I figure Ms. Hornback was right. It was an awfully circular discussion, trying to cover too much, too quickly, and going in too many different directions at once.

I could’ve answered the grading scale question a lot of different ways. I could simply have said, for instance, that I’m trying to raise the bar. Or that I’m just exercising my faculty right to set my grading policies—that I use an 8-point scale basically just because I can. Those would have been easy answers, and both are partly true. But neither gets at the heart of the reason.

I use the 8-point scale, as I tried to explain to the class, in part because I think it helps create the illusion of extra difficulty, conveys the idea that the course will be extra challenging. So, I use it to send a message. The word “illusion” in the last sentence is key, though: I also tried to explain that grading scales are incredibly arbitrary and that, in fact, I could use any typical grading scale in the course and my students would earn the same grades—a “B” in the 8-point scale would also be a “B” in the 10-point scale.

As I write that, I can see why my students might have been confused, even with an example sketched on the board.
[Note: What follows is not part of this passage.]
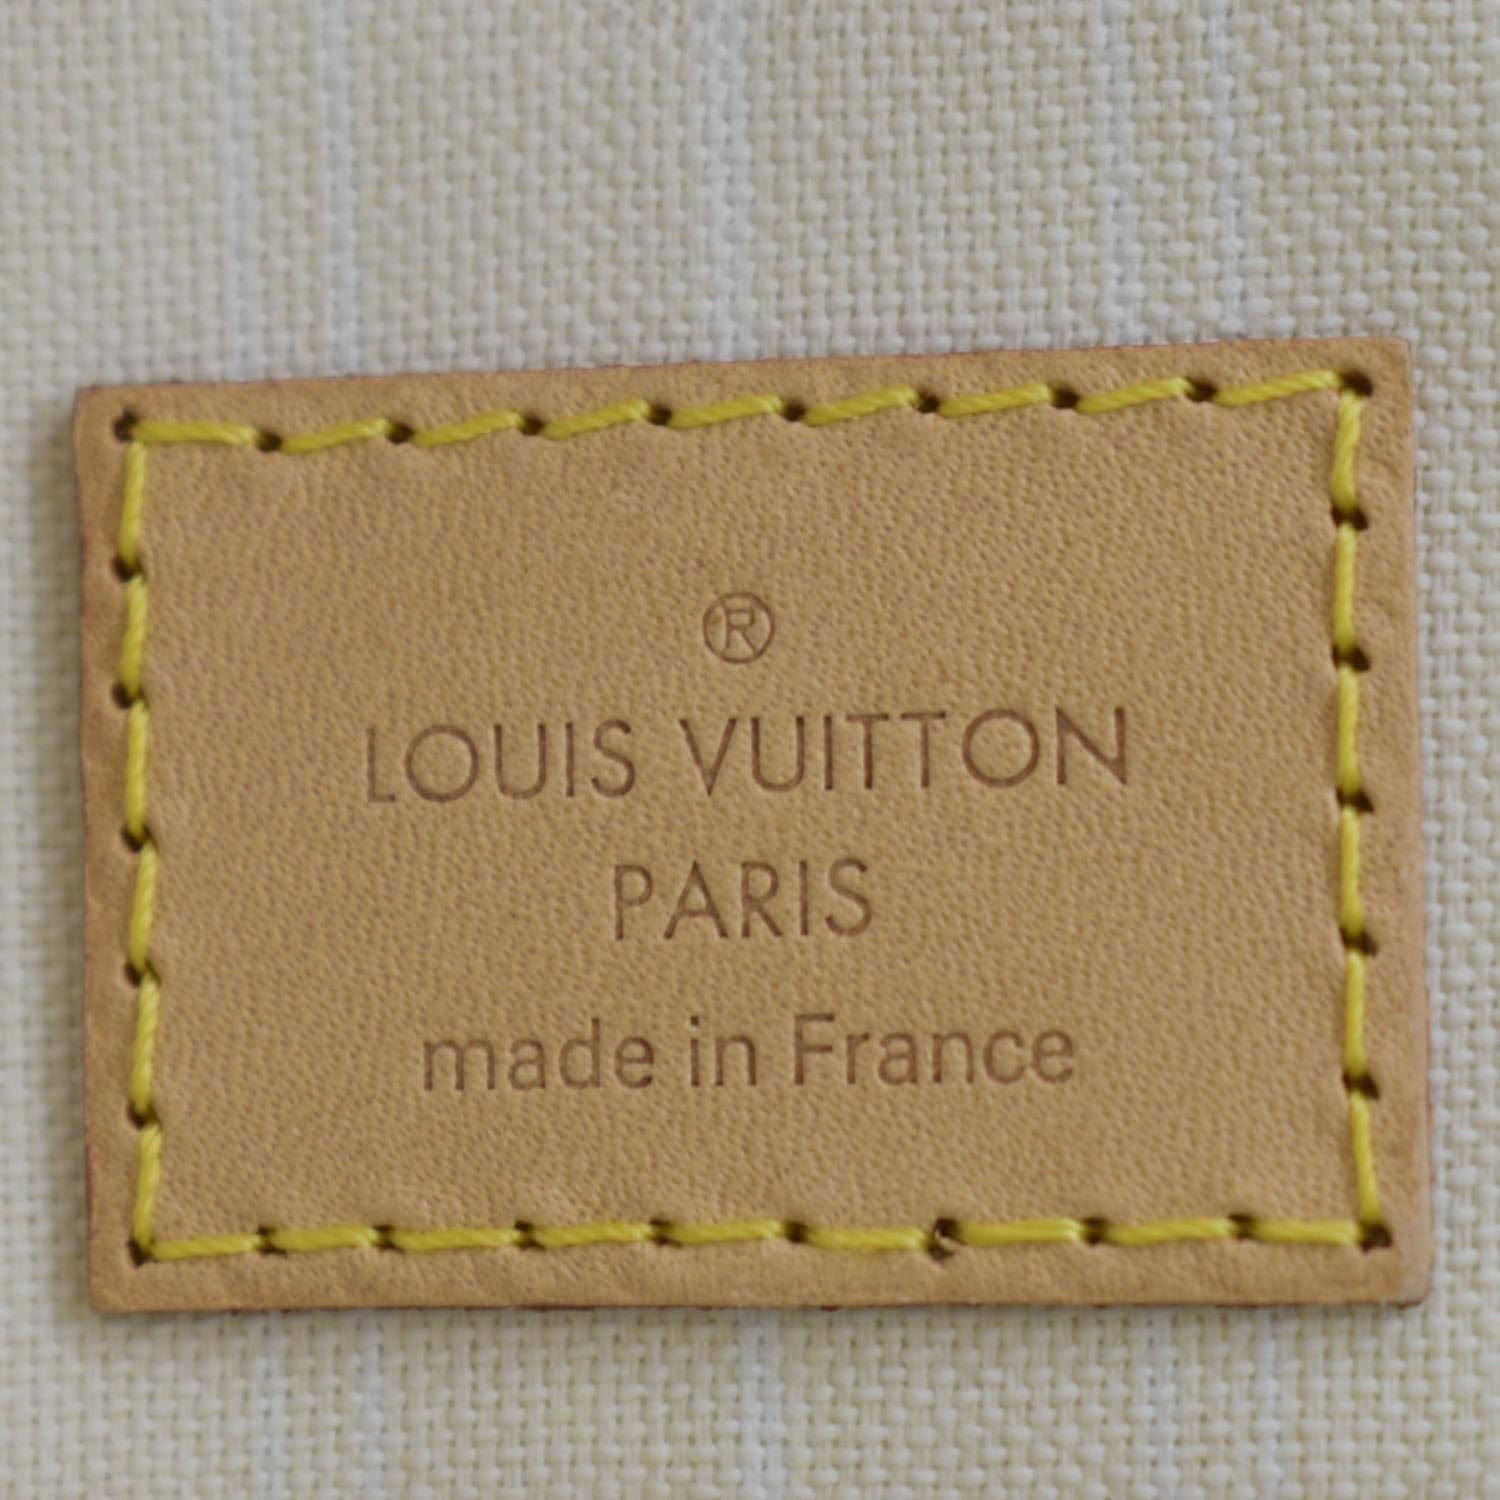 Louis Vuitton OnTheGo PM Tote Bag M46424 Blue Infinity Dot Shoulder Purse  LV x Y

If an essay earns 82 points, and that’s a “B”-range grade with one scale and a “C”-range grade in another, how could I possibly be right in saying that a “B” in one is the same as a “B” in the other?

Here’s why: For writing courses, I don’t start with a number grade pulled out of the air (though I’m afraid that’s the sort of thing many students have received on lots of writing assignments, and it certainly helps explain their preferences for 10-point grading scales). Instead, I assign letter grades to formal assignments, and then I use a conversion scale so that my letter grades translate into number grades, which are then easy to average with consistency and fairness.

A little more explanation for how a “B” is a “B” is a “B”: If, in my grading scale, a “B” ranges from 85-92, I’ll let the number in the middle of those equal the solid “B.” So, a “B”=88.5. (“B+” and “B-” are numbers close to the ends of the span, and other letter grades follow that same pattern.) If I use the ten-point scale, however, the “B” range is 80-89. The number in the middle of those—the solid “B” grade, in my system—is 84.5.

So, in the 10-point system, the “B” translates into a lower number than in the 8-point system, which means that earning a “B” in either system is equally easy (or difficult).

If you’ve stuck with me this far, I’d love for you to comment as to whether you follow my explanation. I didn’t much intend to blog this week on grading scales, but there are a couple of points this all (sort of) leads to that I think are important to make. Here they are:

  • Many students experience education as something that simply “happens to” them—with elements that may seem unclear or even unfair.
  • For various reasons, many students would never question, for example, how a professor arrived at a particular grade.
  • As students, you have a right to understand, and as faculty, we have an obligation to be able to articulate--and have good reasons for--why we do what we do.

Those are my “big picture” observations, things I’d like you to remember during your time at MC.

And now an observation about myself, as a teacher: I think sometimes I’m too honest and open. By telling you the 8-point scale gives the illusion of difficulty, I’ve negated the illusion. Being honest with you feels “right,” but I hope I haven’t made the course seem less challenging—it has to be challenging, after all, or you’re wasting your money and we’re all wasting our time.

Later in the semester we should return to questions of grading and education and of how much an “A” (or “B” or “C”) that was easy to earn is really even worth. . . .

A point of advice, as I close: some of the most challenging professors I ever studied under used a 10-point scale. Don't let a grading scale give you a false sense of security.